Many eyes wondered after the travelers from the jungle.   Some were hungry for flesh, others simply noted shapes passing in the distance.  Yet one pair watched on with a frown.
            Eley stood a hundred feet in the air, feet perfectly balanced upon the mighty bough of a great jungle tree.  Warning calls brought her to the jungle’s edge but it was worry which kept the woman’s attention.  A band of color, with two drab additions. 
            She thought of the wolf, that last unwelcome visitor.  In the future more care must be taken that her trail might not be followed.  But the storm had been come, wiping away her tracks.  There was only a small chance that anyone might’ve happened across her presence.

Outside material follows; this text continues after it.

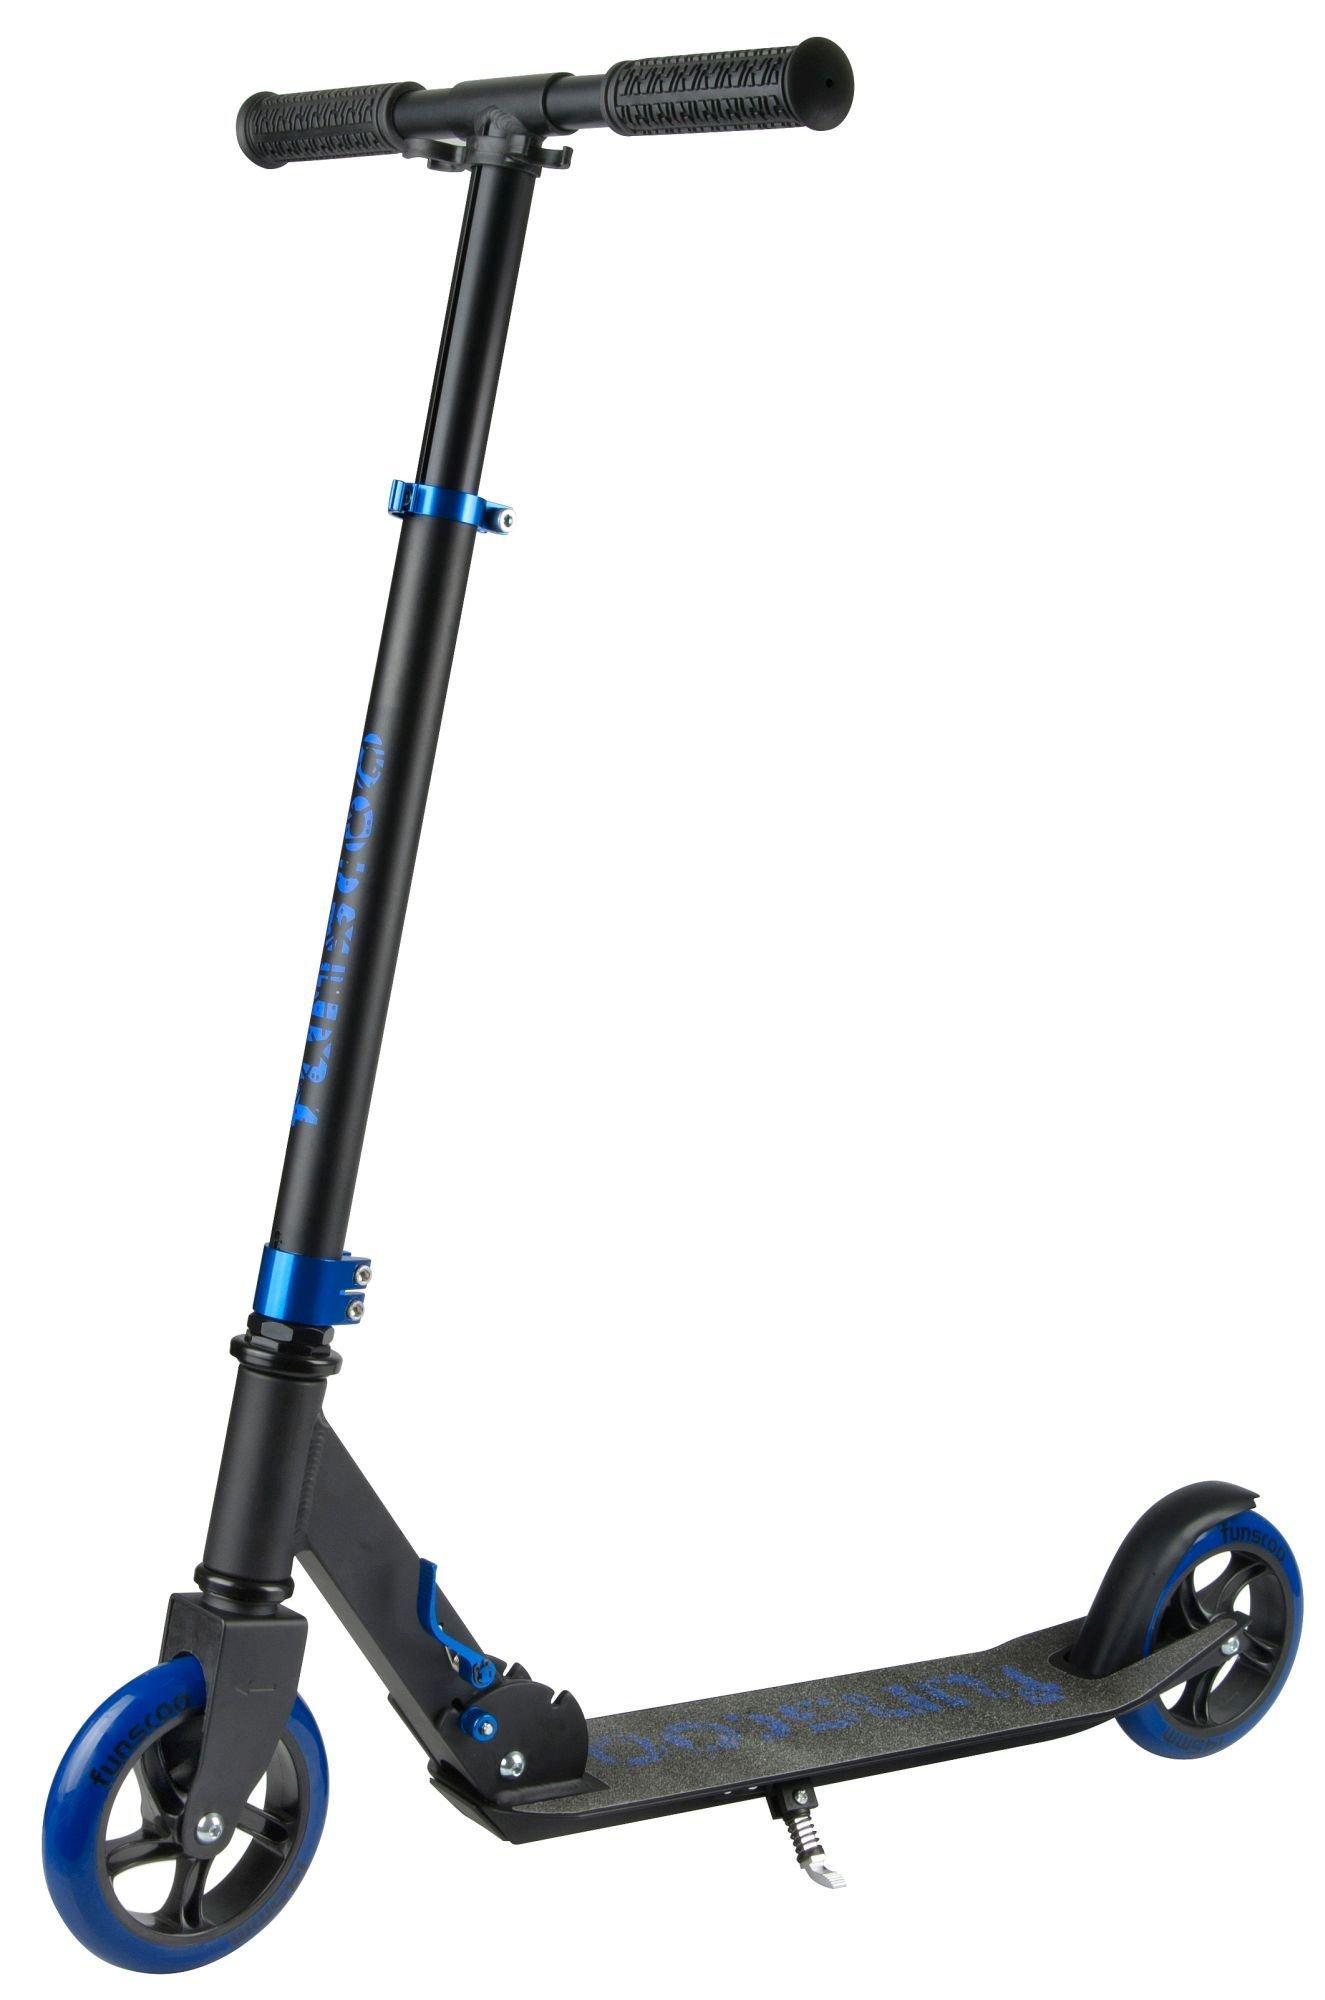 alu-skate-scooter/Kinderartikel: Funscoo funscoo Scooter 145

            Blank snow, that was the past, a vanished trail, an evaporated life.  There was no town or community, only the work and the splendor.  Hers was a magic that couldn’t be broken.  Unlike the magi of legends she demanded nothing from her Art, instead sacrificing everything so that each spell might live and thrive.  Others were less willing.
            Seyo’an the monkey trilled at Eley’s sudden motion.  In a flash she rode a creeper down to the jungle floor.  There she moved quickly lest she reconsider her actions.  Out on the white she flew south under night’s shadow, greeting the moons, watching the hills as a thousand fabulous beasts watched her in return, as the architect of the space beyond white.